Any particular child has a 1 in 365 chance of being born on their only still living grandma's birthday.

What are the chances that a cousin and grandchild to the same grandma is born within the same 10 minutes?

In five years there are 5 x 365 x 24 x 6 10 minute time slots and that's 262,800.

So the chances that a cousing and grandchild to the same grandma is born within 10 minutes to one particular child is roughly 1 in 250,000.
Now, of course, that has to be multiplied with the chances of the particular child to be born at her only surviving granny's birthday, 1 in 365, leading very roughly to 1 in 100,000,000.

That are the chances that this can happen to one particular child born.

How mayn babies are born each year worldwide? For a rough estimation I have taken the number of babies born in the USA only (4,000,000 per year) have taken 6,000,000,000 as the world's population, have use the knowledge that most places the birthrate is slightly higher than in the USA and came to a rough estimate of 100,000,000 infants born worldwide per year.

With 100,000,000 babies per year born worldwide and each having a 1 in a hundred millions chance to have that particular pattern reported you will very roughly have such an event once per year (none in some years, more than one in others).

The order of magnitude I'm confident is roughly correct. So if you go down to exactly the same minute you'll have it happen about once per ten years. But if you assume that the same coincidence would be equally newsworthy for grandads or for being exactly one year between the two births or... (whatever seems a reportable event) then the probability of one of many different coincidences happening more often then once a year quickly increases.

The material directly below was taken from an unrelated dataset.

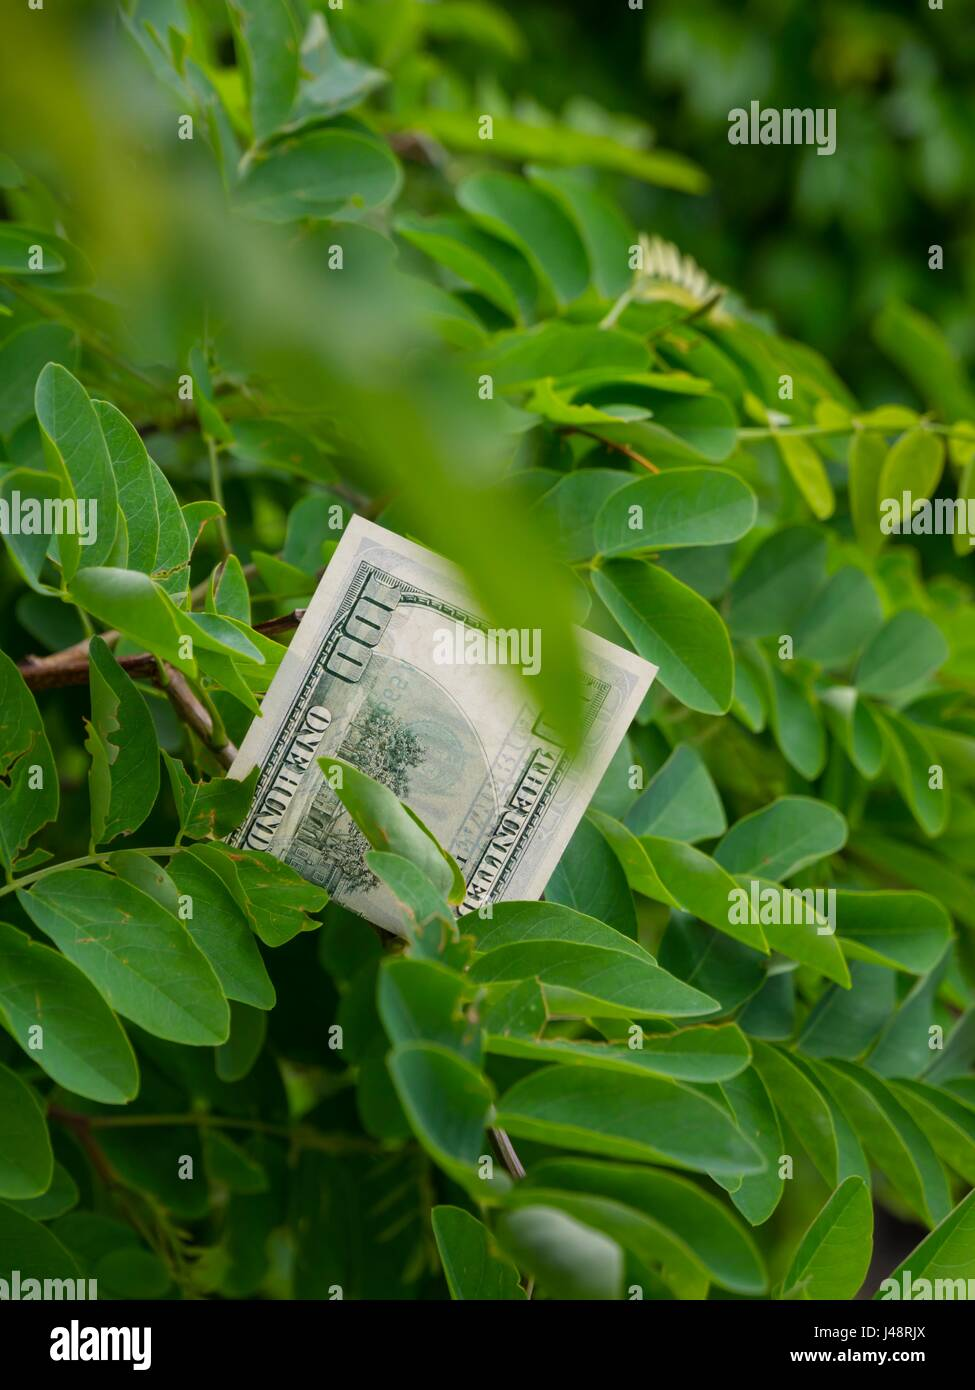 Money growing on tree environmental environment - Stock Image
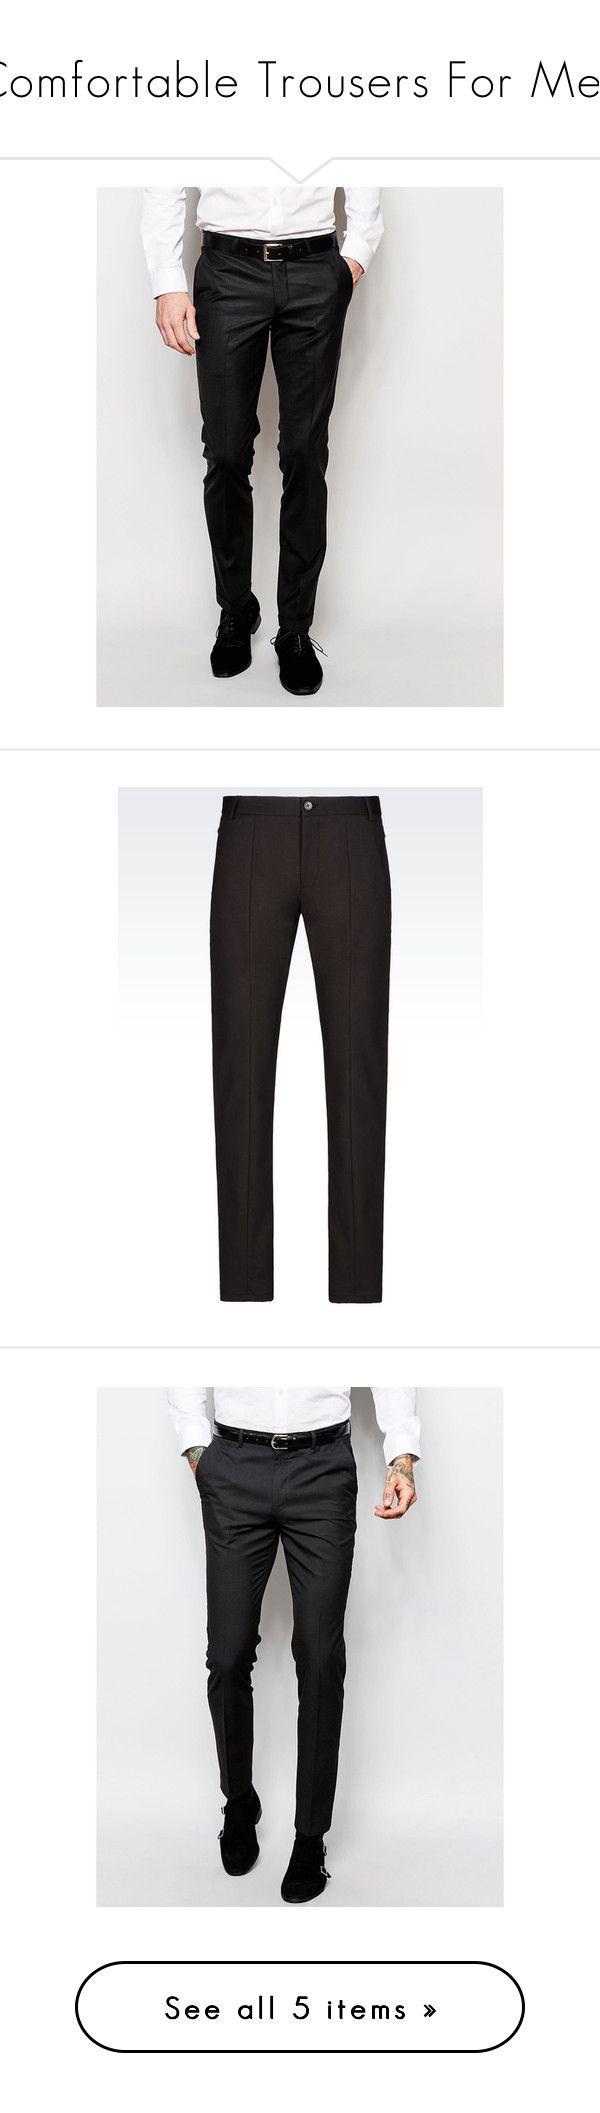 """Comfortable Trousers For Men"" by kirangranite on Polyvore featuring men's fashion, men's clothing, men's pants, men's dress pants, men, pants, black, mens skinny fit dress pants, mens pants and tall mens dress pants"

The probability of the one particular event happening again at least once in the next 1000 years is as close to certain as you could wish.

What goes wrong in many heads is this: The probability of one particular event can be extremely low, so you are correct to feel certain for all practical purposes that it will not happen to you in the next year (e.g., winning the Jackpot of a big national lottery). However, if one looks instead at the probability of a very rare event happening to at least one of many persons at many tries the tiny single event probabilities quickly add up to impressively high probabilities (e.g., the Jackpot being won by any of the Americans going for it).

These high probabilities are notoriously underestimated by most lay persons which can lead to the illusion of seeing above chance patterns even in purely chance events.